Deadwood became the heart of action in the Black Hills during Calamity’s time there. Wild Bill was gunned down there, and it’s known for a diverse cast of Old West characters—some of whom are brought back to life in the new movie version of Deadwood. There are plenty of places to explore, including the cemetery, the Days of ’76 Museum, Adams Museum and Historic Adams House. Of course, like Calamity Jane found, you also will be able to play some poker, or find a shot of whiskey and a good meal.
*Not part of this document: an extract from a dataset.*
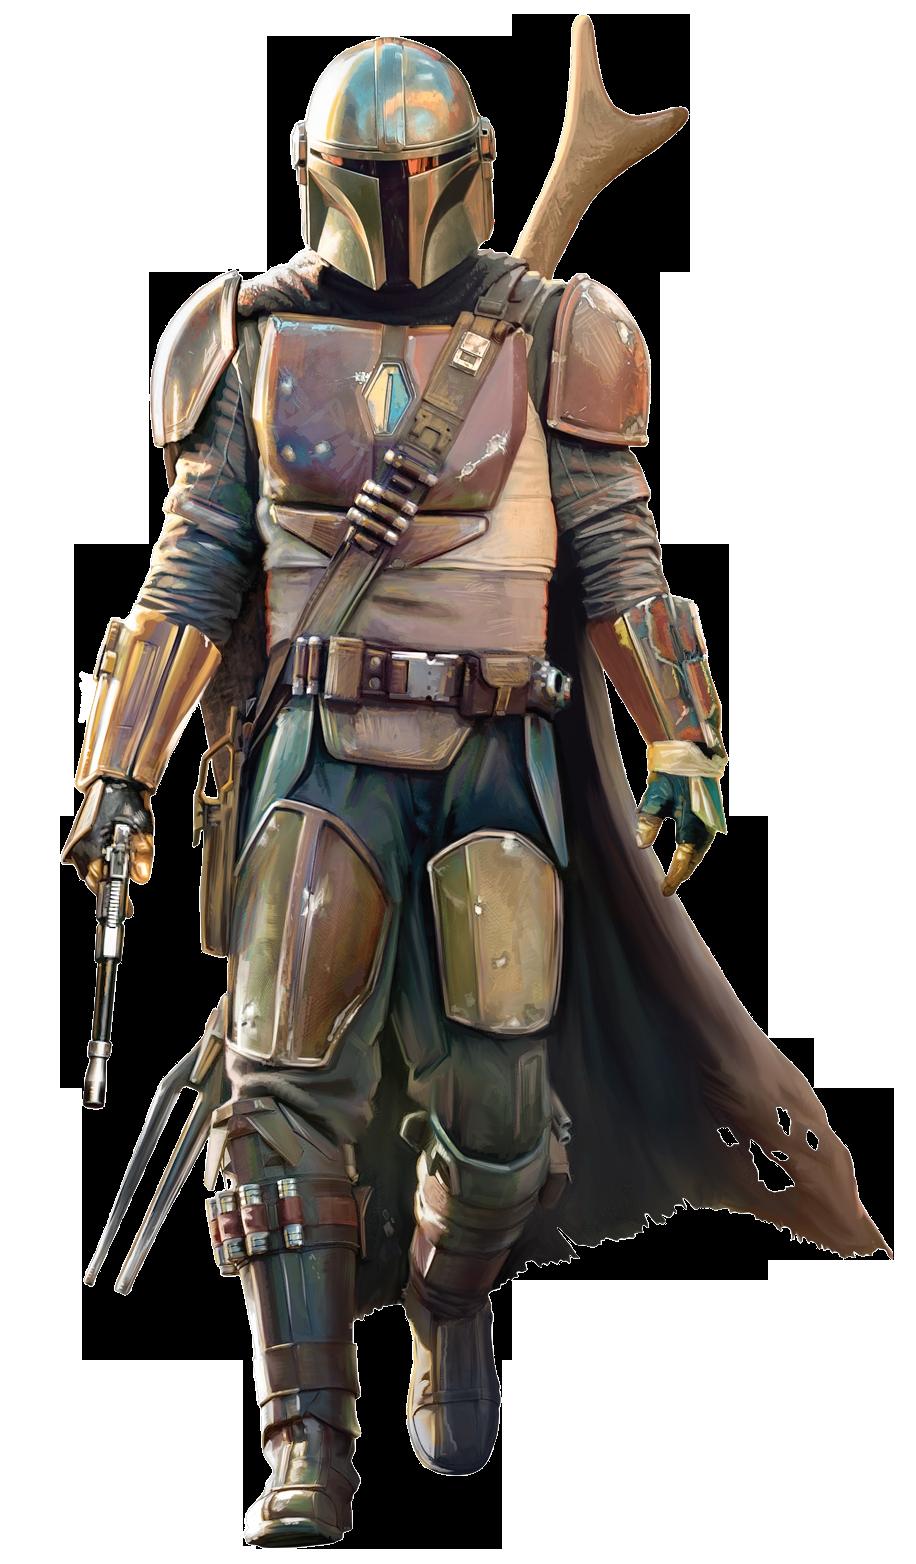 Mandalorian Armor Wookieepedia Fandom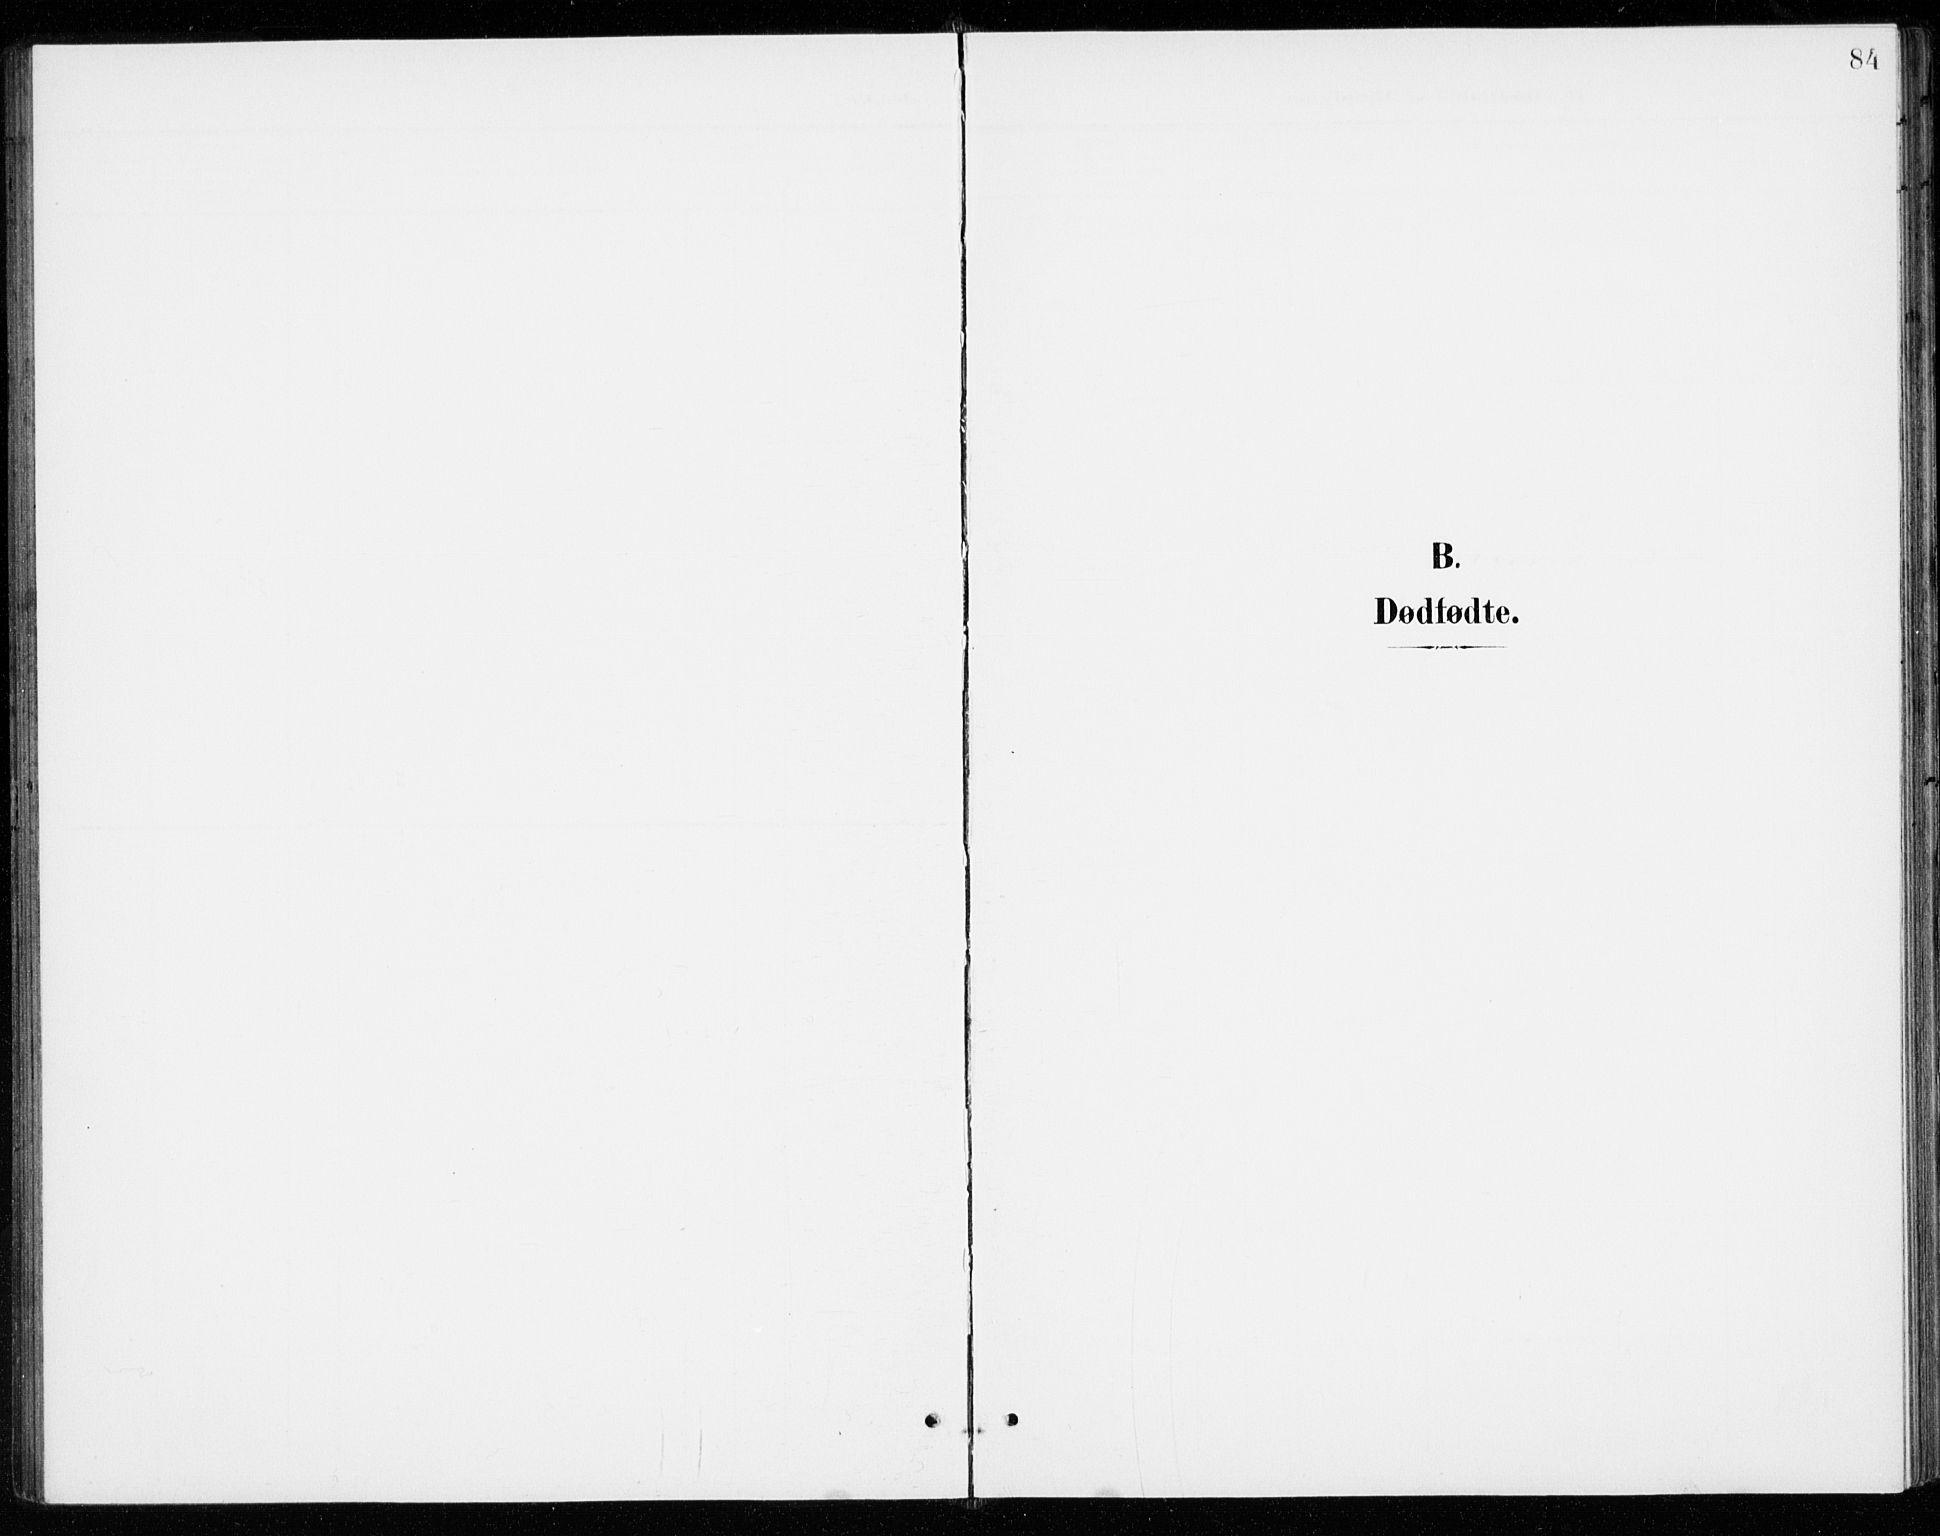 SAO, Gjerdrum prestekontor Kirkebøker, G/Gb/L0001: Klokkerbok nr. II 1, 1901-1944, s. 84

You probably won’t hear the language used in the HBO series and movie Deadwood (just like Calamity may not have heard—or used—some of that language), but you may hear some good tales about the characters of the place—from Calamity and Wild Bill to Seth Bullock and so many more. Calamity left Deadwood, and headed to Montana, where she had spent part of her childhood. She was in Miles City on February 11, 1882, then moved to Billings as the Northern Pacific Railroad also laid tracks toward the West. At times she was in Livingston, Lewistown and Missoula, but Montana did not claim her for long. By the latter half of the 1880s she was farther south, living and, according to some accounts, working as a prostitute in towns along the Union Pacific Railroad route in southern Wyoming.
Sorting out details of Calamity Jane’s life is a task for folks who like twists and turns in a story, as she certainly didn’t light long in any one place. She returned to the Black Hills, where she died in Terry, South Dakota, on August 1, 1903.
As you explore the Black Hills area (Deadwood, Lead, Custer, Hill City), keep an eye out for Calamity Peak, named by McGillycuddy for the intrepid female, who is both real—and legend.
Candy Moulton is the author of Valentine T. McGillycuddy: Indian Agent, Army Surgeon.